US 12,225,271 B2
	Video generation method and related apparatus
Bin Shao, Shenzhen (CN); Jun Yue, Shenzhen (CN); Li Qian, Shenzhen (CN); Songcen Xu, Shenzhen (CN); Xueyan Huang, Shenzhen (CN); and Yajiao Liu, Shenzhen (CN)
Assigned to HUAWEI TECHNOLOGIES CO., LTD., Shenzhen (CN)
Filed by HUAWEI TECHNOLOGIES CO., LTD., Guangdong (CN)
Filed on Nov. 29, 2022, as Appl. No. 18/070,689.
Application 18/070,689 is a continuation of application No. PCT/CN2021/097047, filed on May 29, 2021.
Claims priority of application No. 202010480675 (CN), filed on May 30, 2020.
Prior Publication US 2023/0089566 A1, Mar. 23, 2023
Int. Cl. H04N 21/80 (2011.01); G06T 7/00 (2017.01); G06V 10/44 (2022.01); G06V 20/70 (2022.01); G06V 40/16 (2022.01)

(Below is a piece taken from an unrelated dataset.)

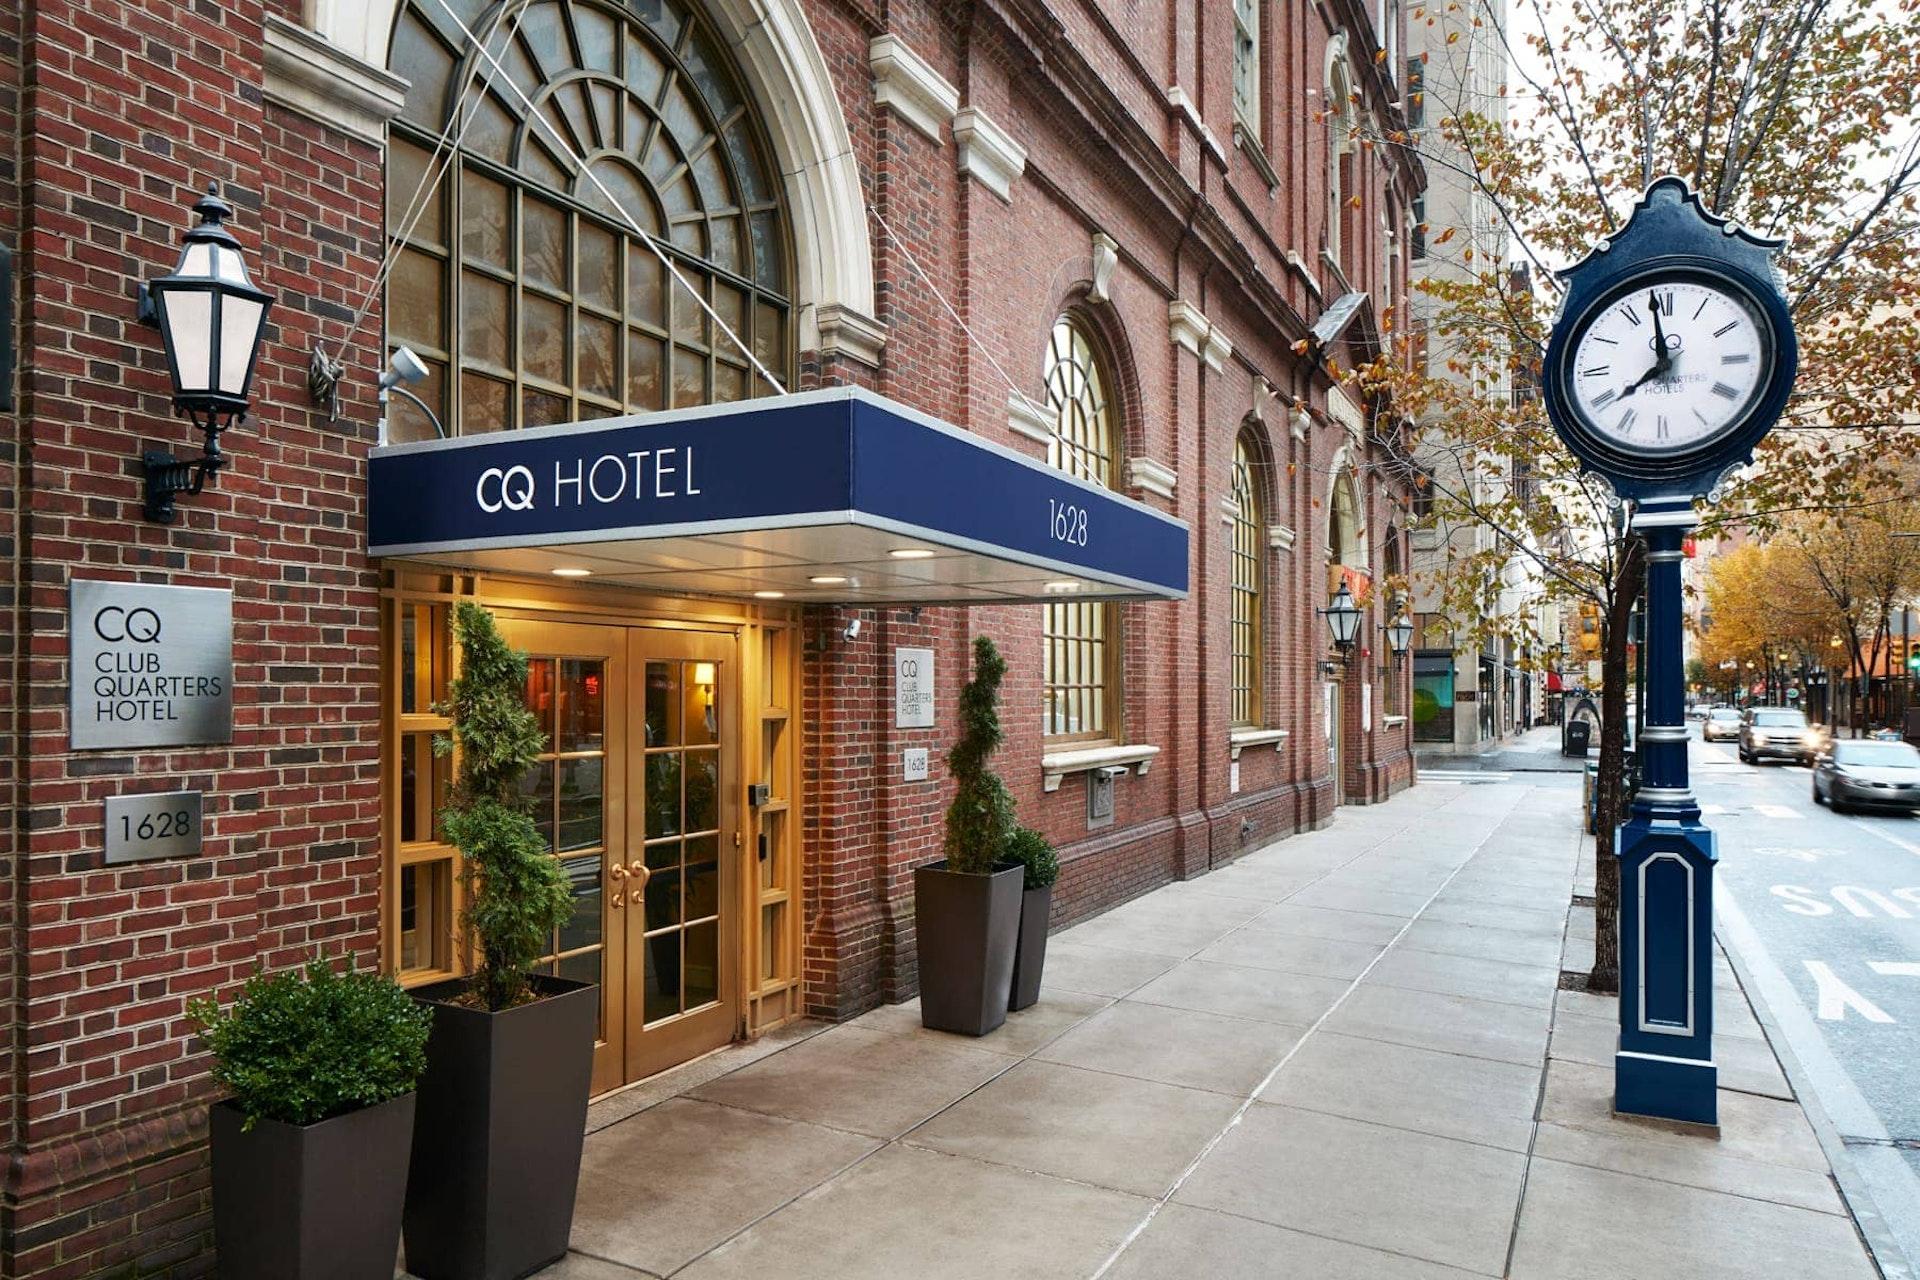 Exterior of CQ Hotel, Rittenhouse Square, Philadelphia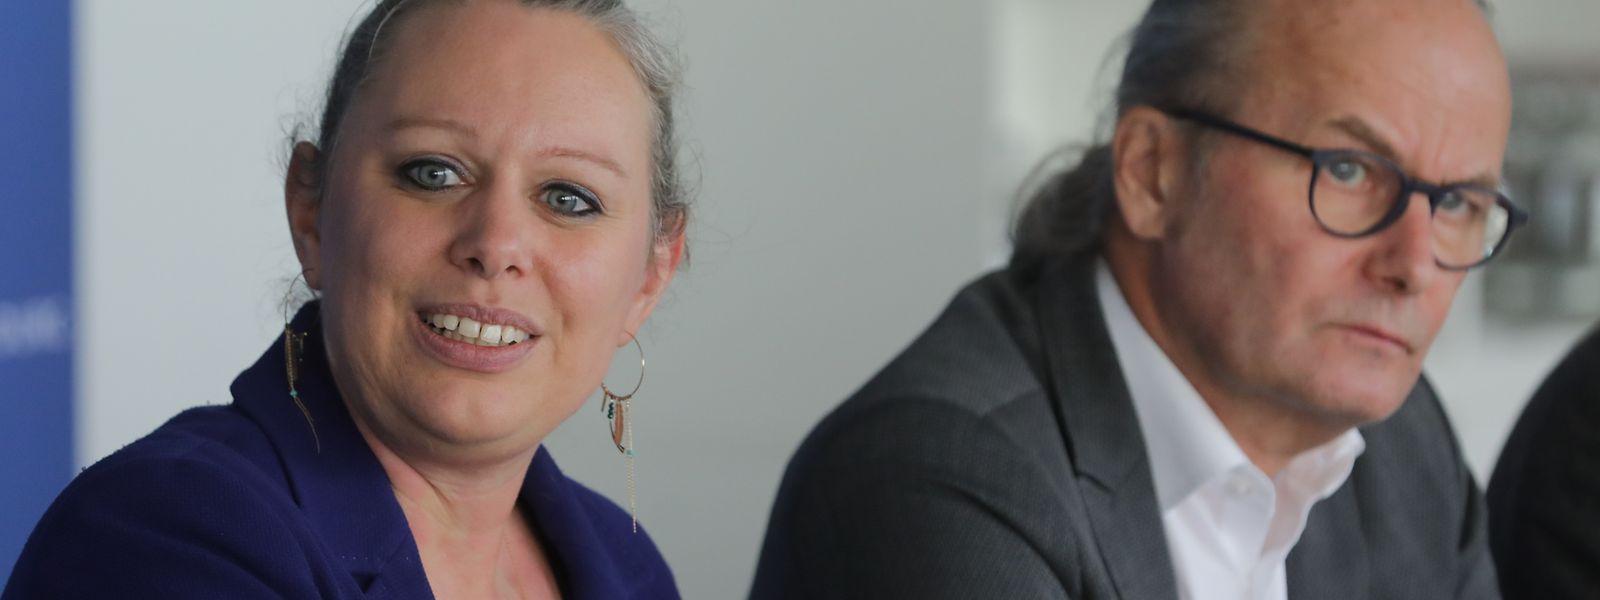 Hausaufgabe erledigt: Der Ministerrat billigte den Entwurf zum Klimagesetz von Carole Dieschbourg und Claude Turmes (beide Déi Gréng).

CPC H04N 21/80 (2013.01) [G06T 7/0002 (2013.01); G06V 10/44 (2022.01); G06V 20/70 (2022.01); G06V 40/172 (2022.01); G06T 2207/30168 (2013.01); G06T 2207/30201 (2013.01)]

18 Claims

1. A video generation method, comprising:

receiving a video generation instruction, and obtaining text information and image information in response to the video generation instruction, wherein the text information comprises one or more keywords, the image information comprises N images, and N is a positive integer greater than or equal to 1;

obtaining, based on the one or more keywords, at least one image feature, of the N images, that corresponds to the one or more keywords; and

inputting the one or more keywords and the at least one image feature of the N images into a target generator network to generate a target video, wherein the target video comprises M images, the M images are generated based on the at least one image feature and correspond to the one or more keywords, and M is a positive integer greater than 1,

wherein inputting the one or more keywords and the at least one image feature of the N images into the target generator network to generate the target video comprises:

extracting a first spatial variable that is in vector space and corresponds to each of the one or more keywords;

extracting second spot variables that are in vector space and respectively correspond to the at least one image feature of the N images; and

inputting the first spatial variable and the second spatial variables into the target generator network to generate the target video.